時間がすごく限られている中で、考えるべきリスクは、何かに失敗するリスクではなくて、難しい挑戦に踏み込まないことで、成長できず、なりたい自分になれないリスク、世界に対してしたい貢献ができないリスク、行動を起こさずに「現状に留まることのリスク」だと思います。
在极其有限的时间里,应该考虑的风险,并不是什么失败风险。而是如果不踏入艰难的挑战,就无法成长、无法成为想成为的自己这种风险,以及无法对世界做出自己想做的贡献这种风险,不行动就会“停留在现状里”的风险。
パナソニックを創業した経営の神様、松下幸之助の「道」という、私の座右の詩があるのですが、そこで彼はこんなことを言っています。一部を引用します。
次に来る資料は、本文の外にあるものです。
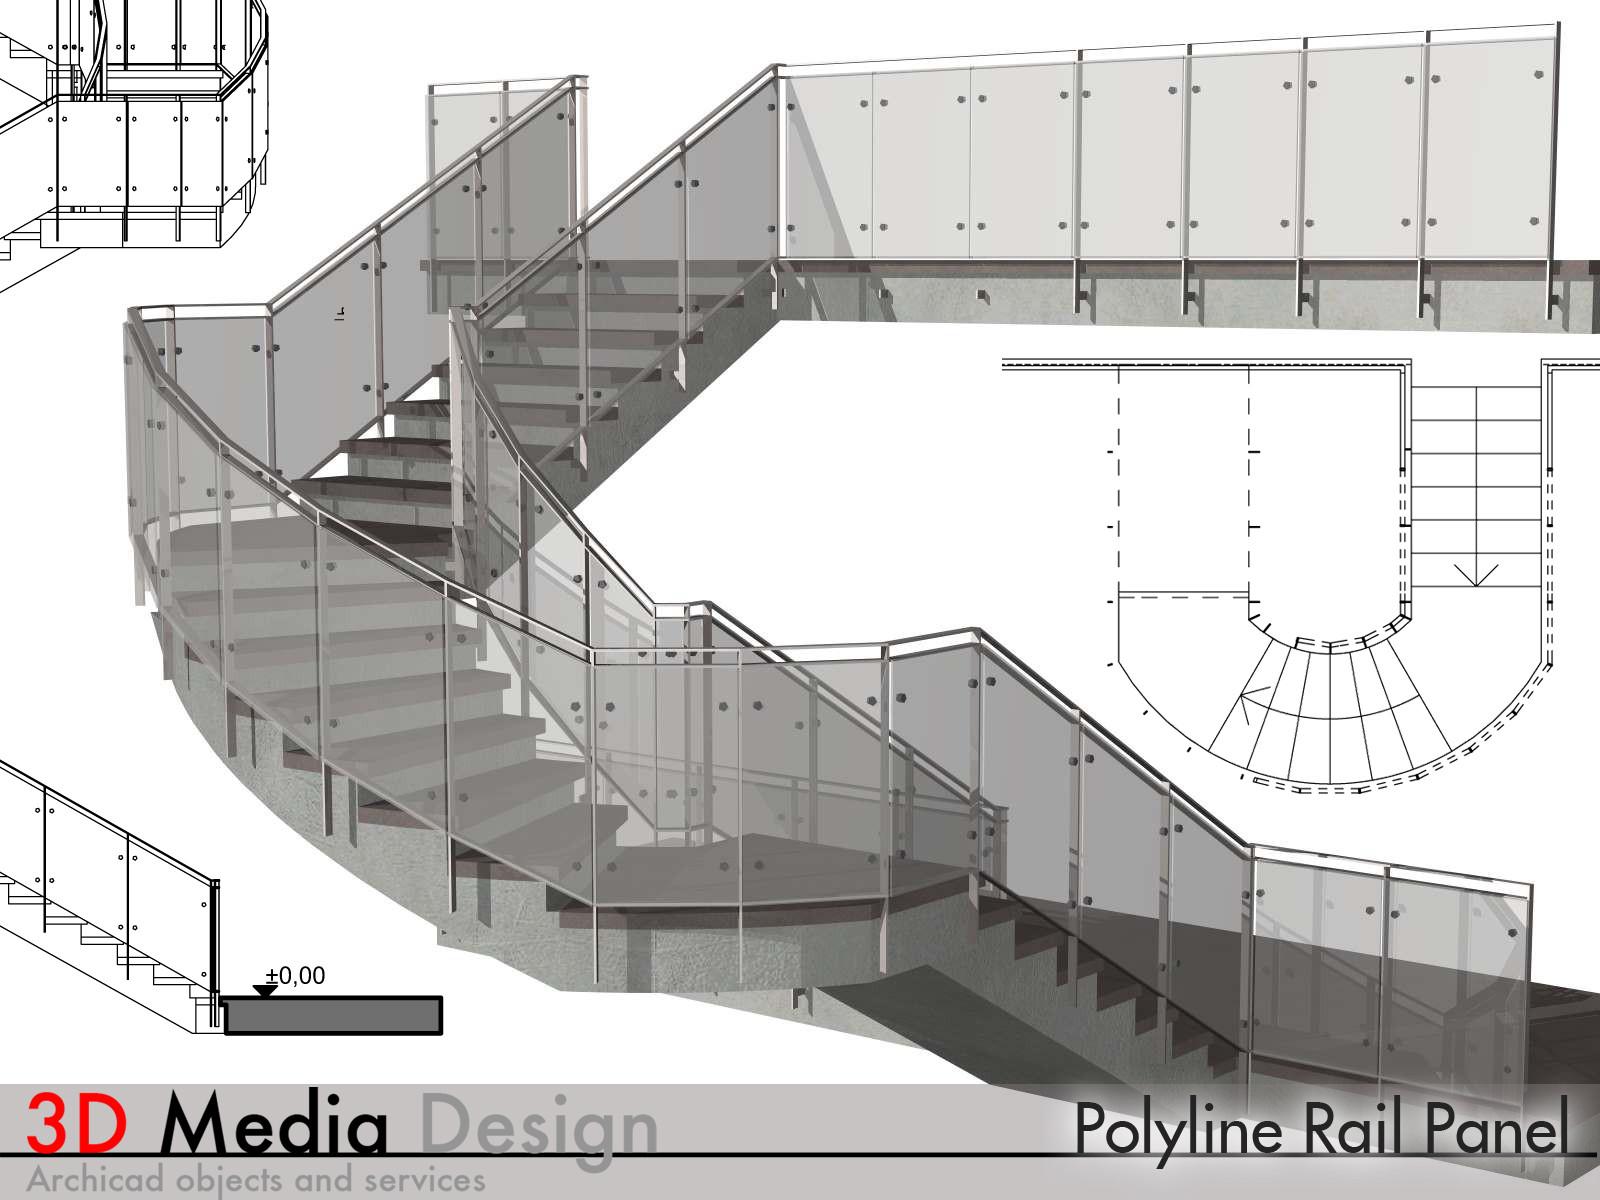 3DMD Polyline Rail Panel - Main.jpg

创立的松下的经营之神松下幸之助曾写过一首叫《道》的诗,我奉为座右铭,他说了以下这些话,这里引用一部分:
“自分には自分に与えられた道がある。
どんな道かは知らないが、ほかの人には歩めない。
自分だけしか歩めない、二度と歩めぬかけがいのないこの道。
他人の道に心をうばわれ、思案にくれて立ちすくんでいても、道はすこしもひらけない。
道をひらくためには、まず歩まねばならぬ。
心を定め、懸命に歩まねばならぬ。
それがたとえ遠い道のように思えても、休まず歩む姿からは必ず新たな道がひらけてくる。
深い喜びも生まれてくる。”
“每个人都有自己与生俱来的路,
虽然不知道这是一条什么道路,但除了你别人都无法走。
这条路只有自己可行,而且仅能走一次,不可回头。
被他人的道路吸引,左思右想驻足不前,根本无益于自己的道路开拓。
开辟道路,首先必须要走
要坚定心志,拼命往前走
就算那是一条绕远的路,不眠不休往前走的姿态,也定会为你开辟出新的道路。
也会生出深深的欢喜。”
皆さんの東大での4年間が、皆さんだけのかけがえのない道を、悩みながら心を定めて懸命に歩む、その一番最初の充実した時間になることを、心からお祈りしています。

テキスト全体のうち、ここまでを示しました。